EXTRACTED MATERIAL ::
Content starts
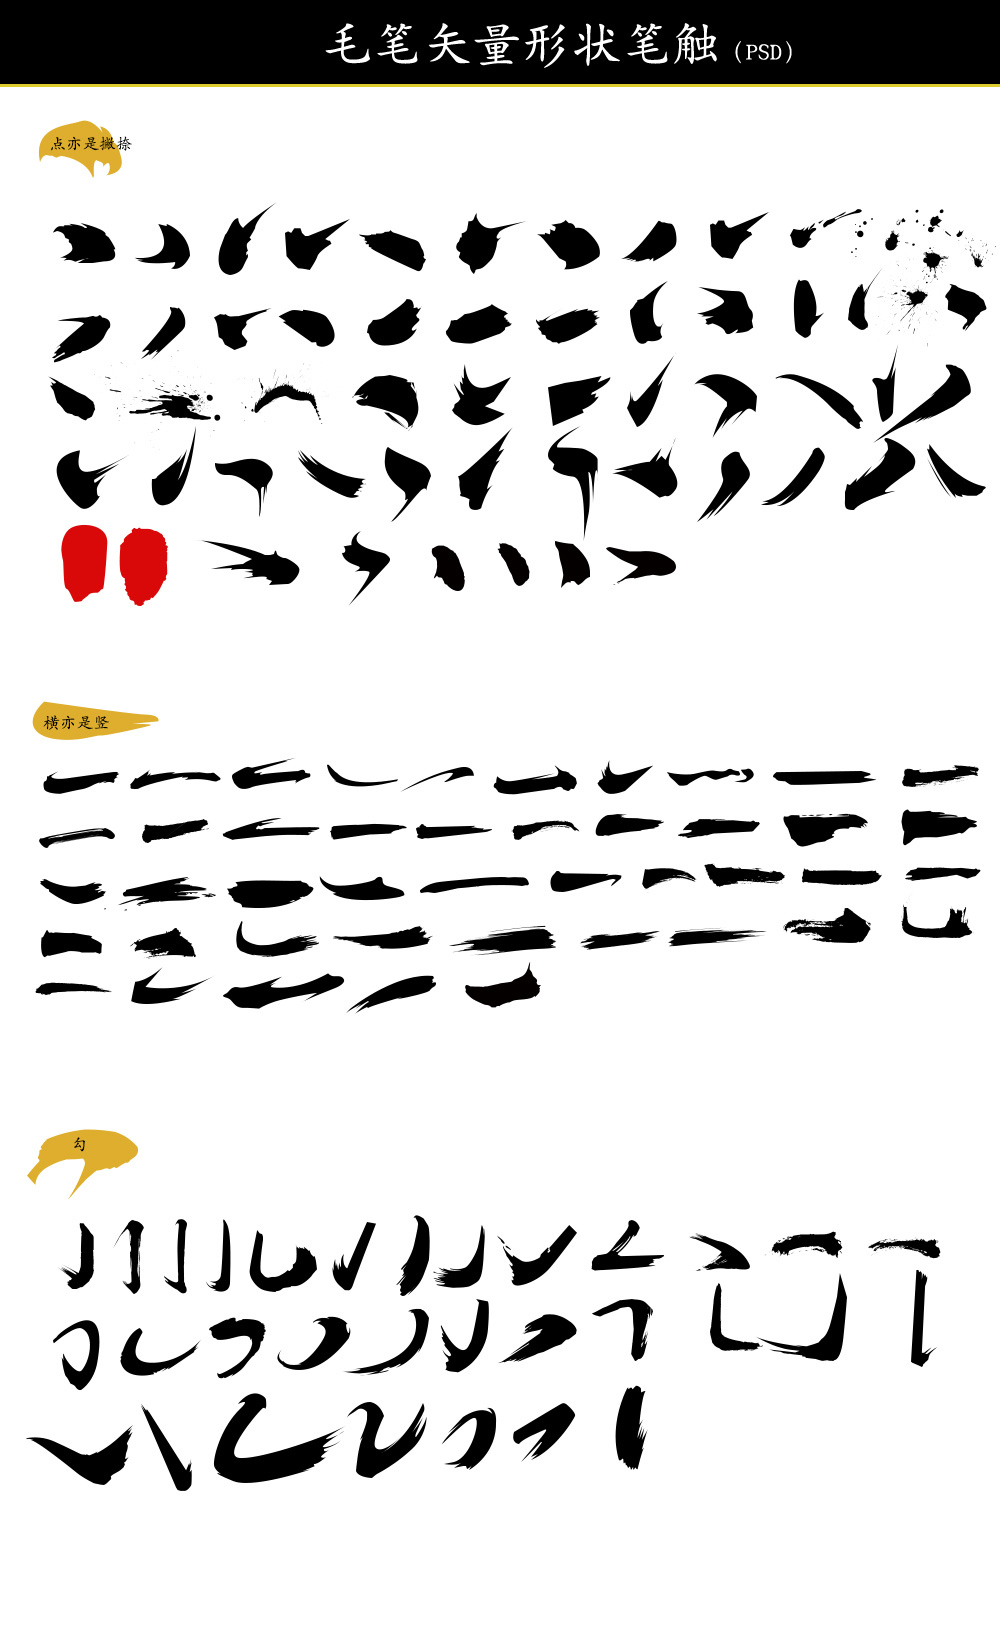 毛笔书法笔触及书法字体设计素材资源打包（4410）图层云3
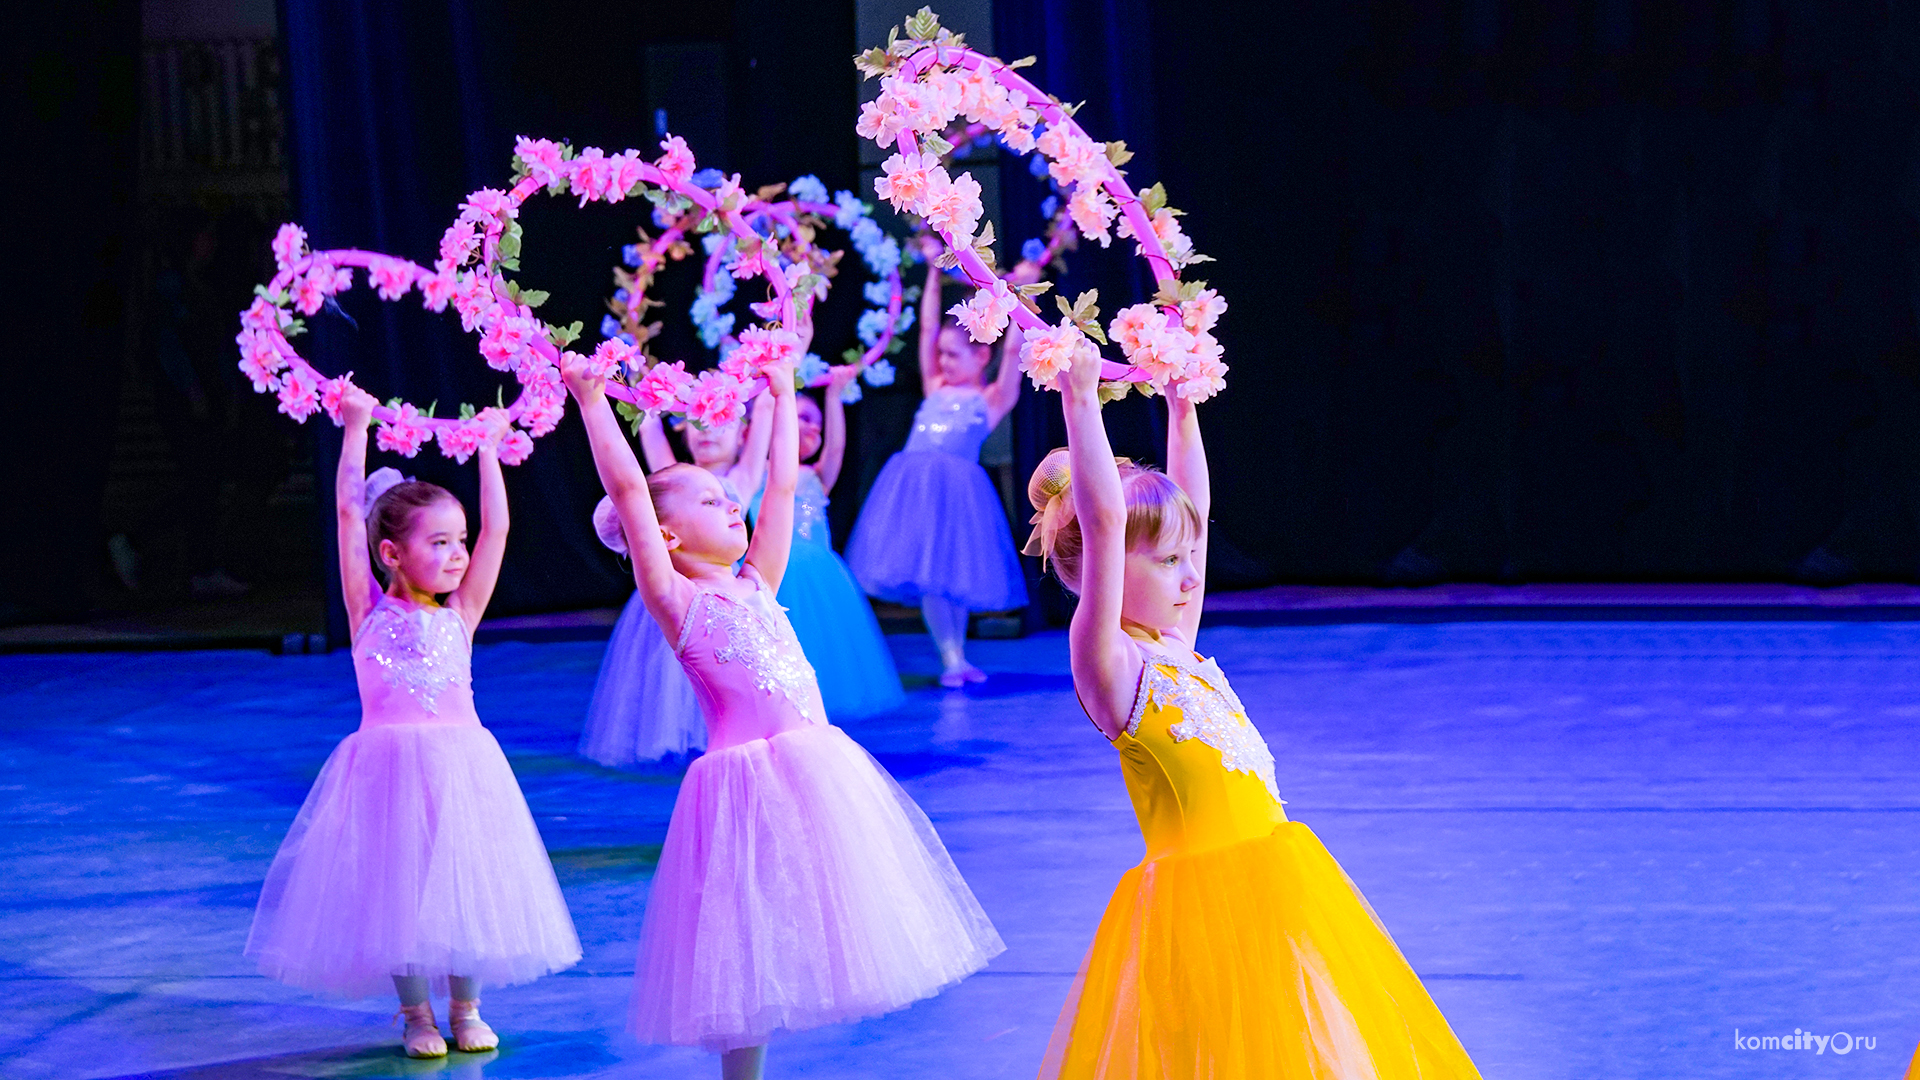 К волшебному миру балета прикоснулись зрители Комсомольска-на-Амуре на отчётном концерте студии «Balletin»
Content ends
Content starts
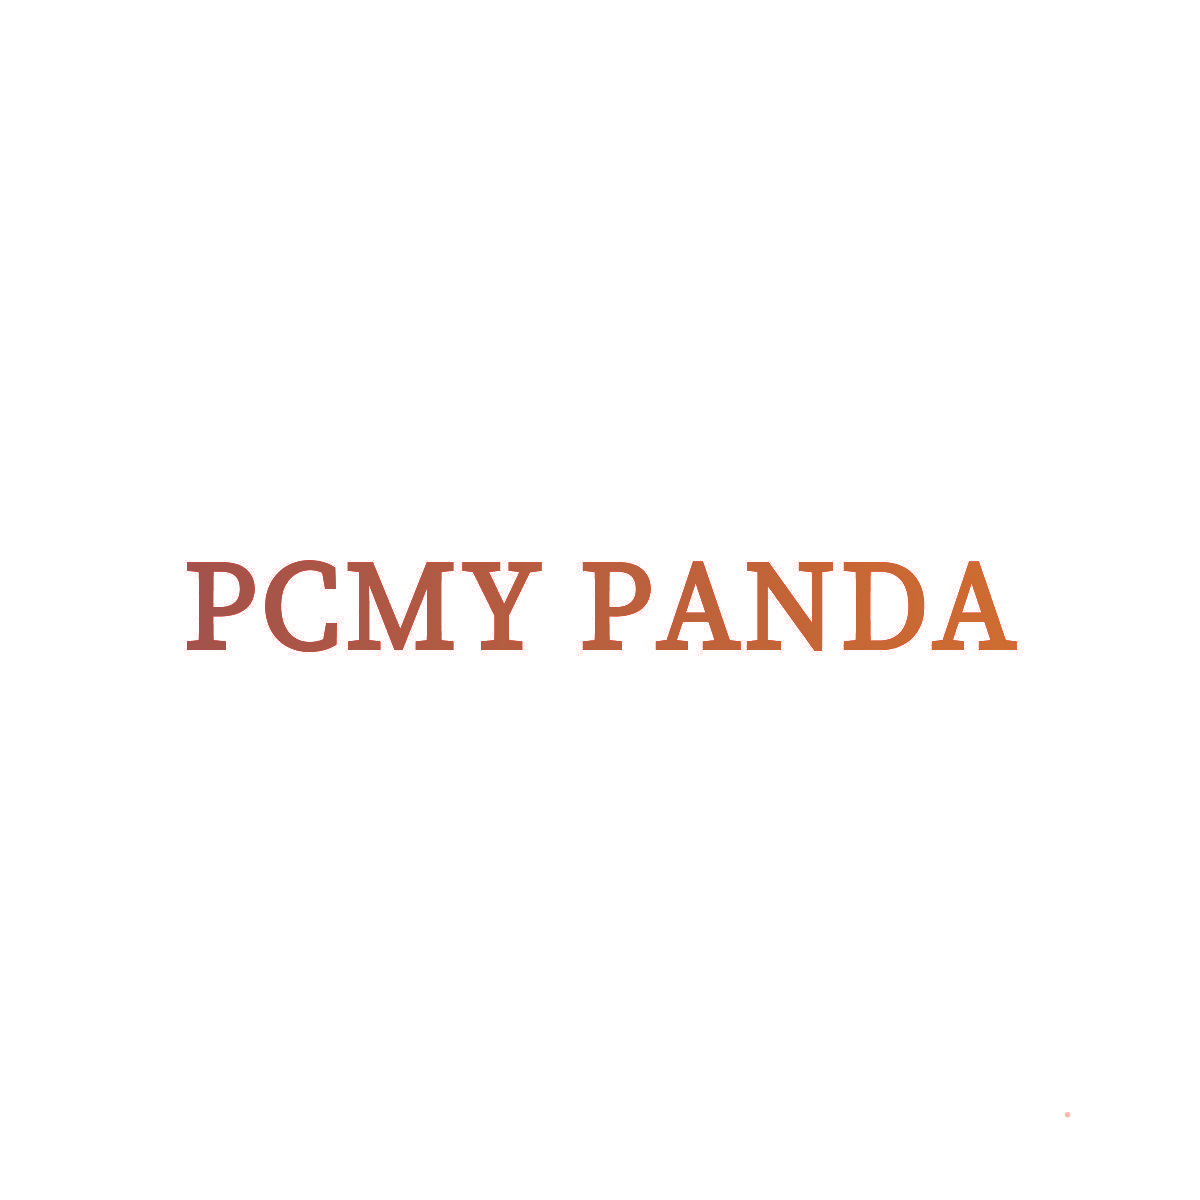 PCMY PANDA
Content ends
INSTRUCTIONS TO FOLLOW :: From the records above, transcribe only the stretch from the line with "毛笔书法笔触及书法字体设计素材资源打包（4410）图层云3" through the line with "К волшебному миру", keeping both ends. Omit pictures.

TASK RESULT ::
 毛笔书法笔触及书法字体设计素材资源打包（4410）图层云3
 К волшебному миру балета прикоснулись зрители Комсомольска-на-Амуре на отчётном концерте студии «Balletin»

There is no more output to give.